Siamo due genitori che aspettano il terzo figlio. Le prime due bambine sono sane e non sappiamo se siano o meno portatrici sane di fibrosi cistica. Al terzo mese mia moglie ha eseguito il Vera Omnia e le è stata riscontrata la presenza della variante c.3230T>C. Il referto riporta: “L’analisi molecolare sul DNA estratto dal sangue periferico ha evidenziato in eterozigosi nel gene CFTR, la variante c.3230T>C riportata nel database come variante patogenetica”. Gene CFTR NM _000492.4; c.3230T>C, p.(Leu1077Pro) in eterozigosi di origine materna. Frazione fetale 6%; Coverage medio >600X.
Conseguentemente mi è stato inviato il referto sul mio campione di sangue dell’esame di Diagnosi molecolare di fibrosi cistica (sequenziamento dell’intero gene CFTR mediante NGS) che riporta: Variante genica: Nessuna Mutazione; Coverage Medio >300X; “L’analisi molecolare eseguita sul DNA estratto da sangue periferico del paziente non ha evidenziato varianti chiaramente causative di patologia, ad oggi note, nel gene CFTR”.
Vorrei sapere:
– ci sono rischi concreti che il bambino sia affetto da fibrosi cistica?
– ci sono ulteriori esami che possiamo fare su di noi o sul feto per scongiurare tale evenienza?
– la variante che è stata riscontrata è tra quelle note? che livello di gravità ha?
Vi ringraziamo anticipatamente per l’attenzione che vorrete dedicarci.
Da quanto riportato nel quesito, risulta che nel DNA fetale sia presente in eterozigosi la variante c.3230T>C, p.(Leu1077Pro) ereditata dalla mamma. Non sono state identificate altre varianti, dato confermato anche dalla negatività al test del papà.
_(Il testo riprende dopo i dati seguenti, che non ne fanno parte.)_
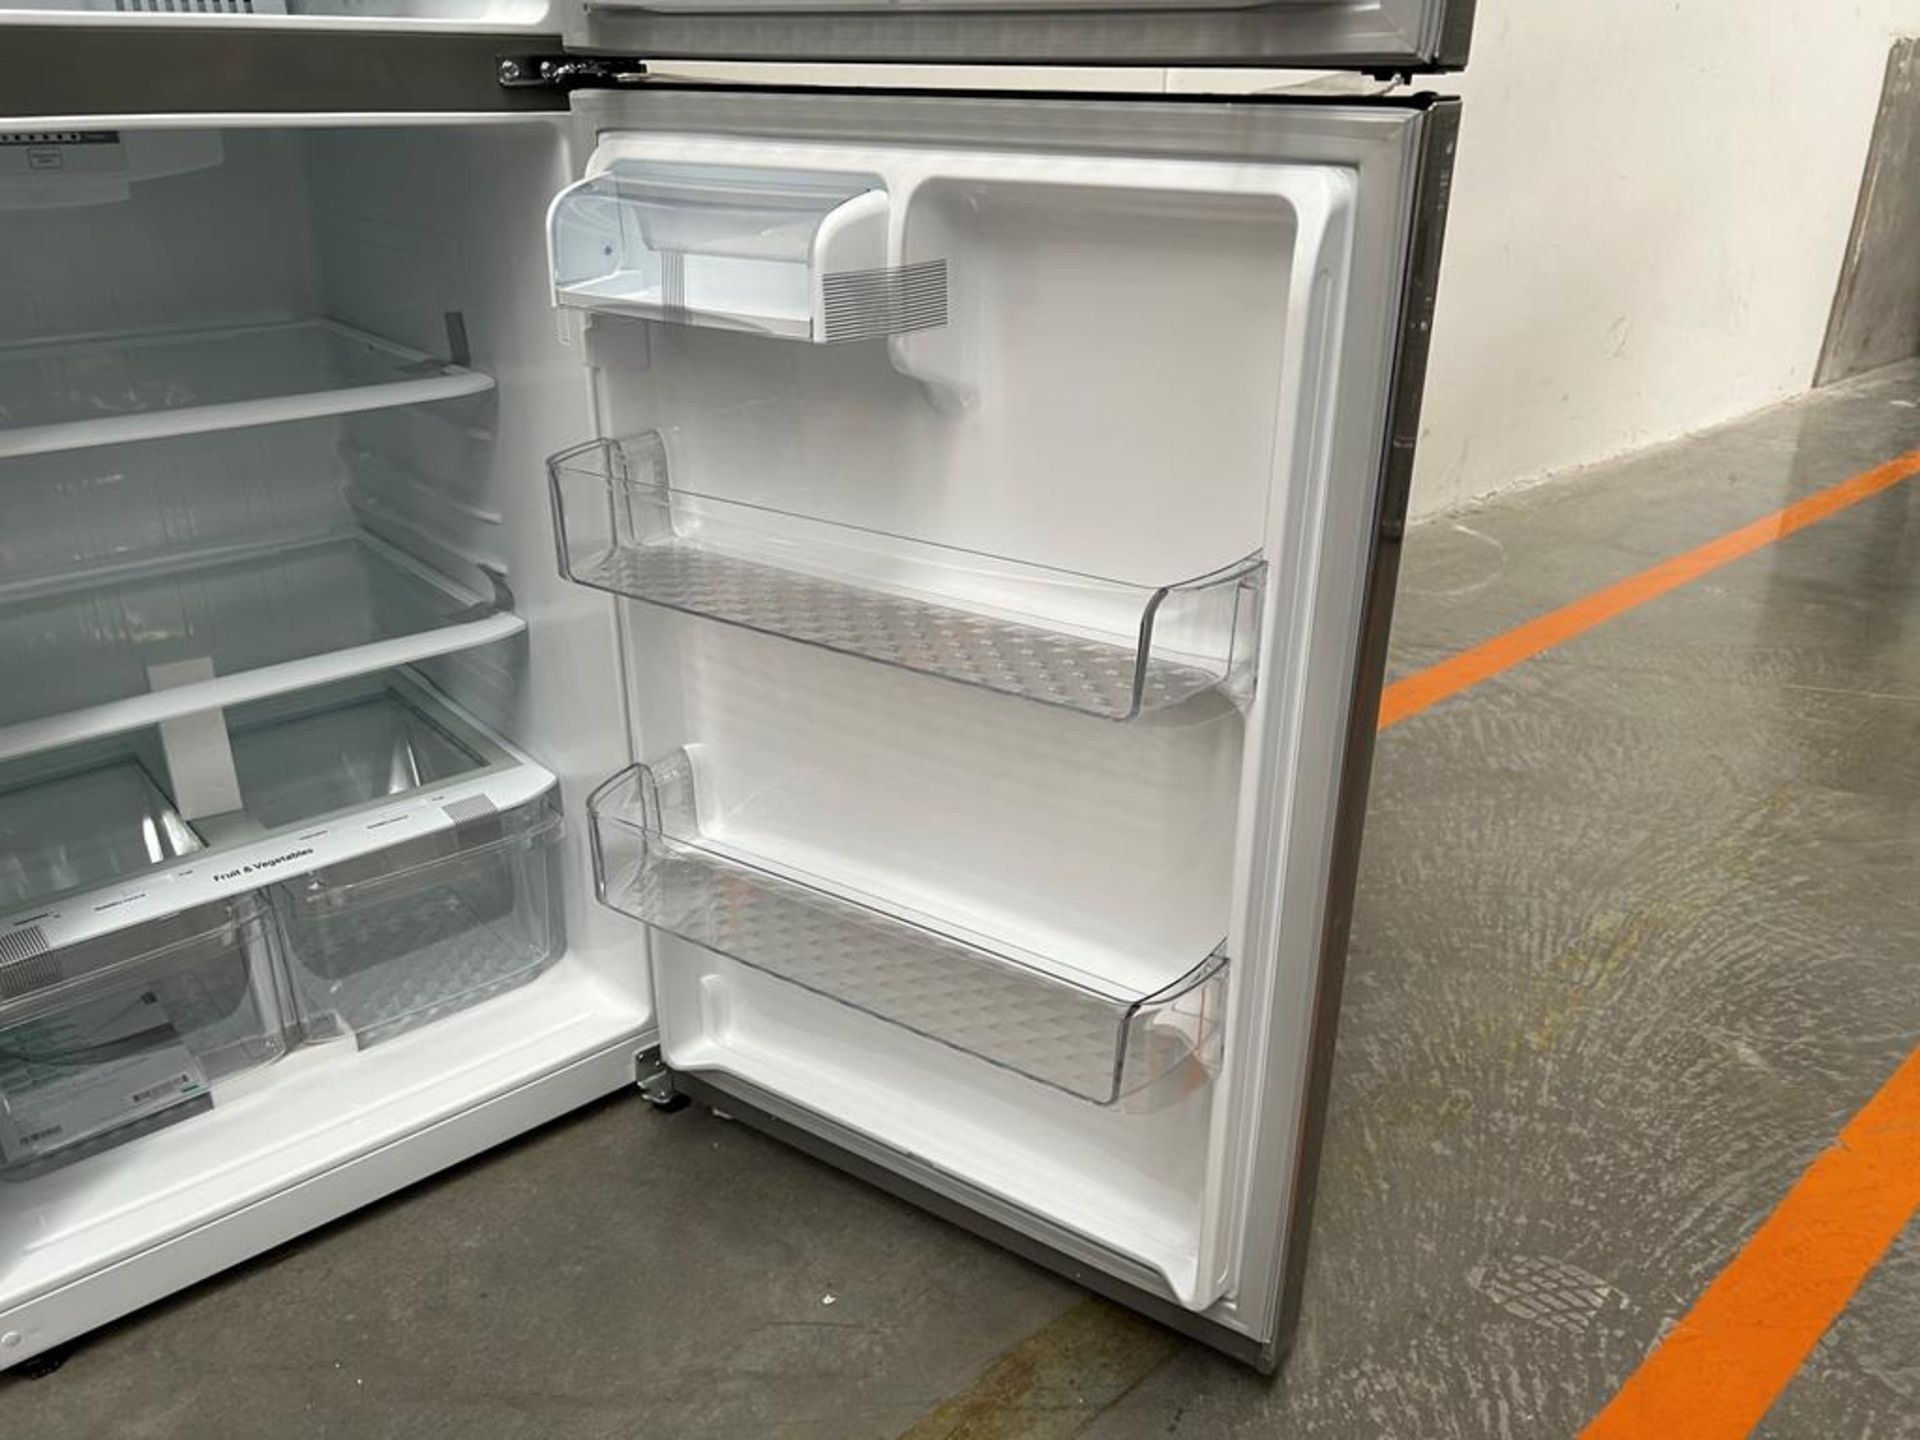 (NUEVO) Refrigerador Marca LG, Modelo LT57BPSX, Serie D1X339, Color GRIS - Image 7 of 11

Questo indica una condizione di portatore sano di fibrosi cistica, che non comporta malattia. Non consigliamo ulteriori esami.
Per un approfondimento sul significato di una mutazione di CFTR in eterozigosi, rimandiamo a questa nostra precedente risposta.
Consigliamo invece il prelievo in età adulta alle due sorelle per la ricerca della variante c.3230T>C, p.(Leu1077Pro) per sapere se sono portatrici sane (hanno una probabilità del 50% di esserlo).
La variante .3230T>C ,p.(Leu1077Pro) è classificata come variante patogenetica che causa fibrosi cistica, ed è una variante detta “missenso” (l’inserimento dell’aminoacido Leucina al posto di Prolina nella posizione 1077 della proteina). Non si sa bene a che classe appartenga e si presume abbia effetti molto variabili: qualche anno fa si riteneva si accompagnasse soprattutto a sufficienza pancreatica, ora le informazioni fornite dal database CFTR2 (www.cftr2.org) sembrano associarla prevalentemente a insufficienza pancreatica (quando combinata con un’altra mutazione CFTR che pure predispone a insufficienza pancreatica).
Data la complessità dell’argomento consigliamo di riparlare con un genetista esperto e farsi rilasciare una relazione scritta.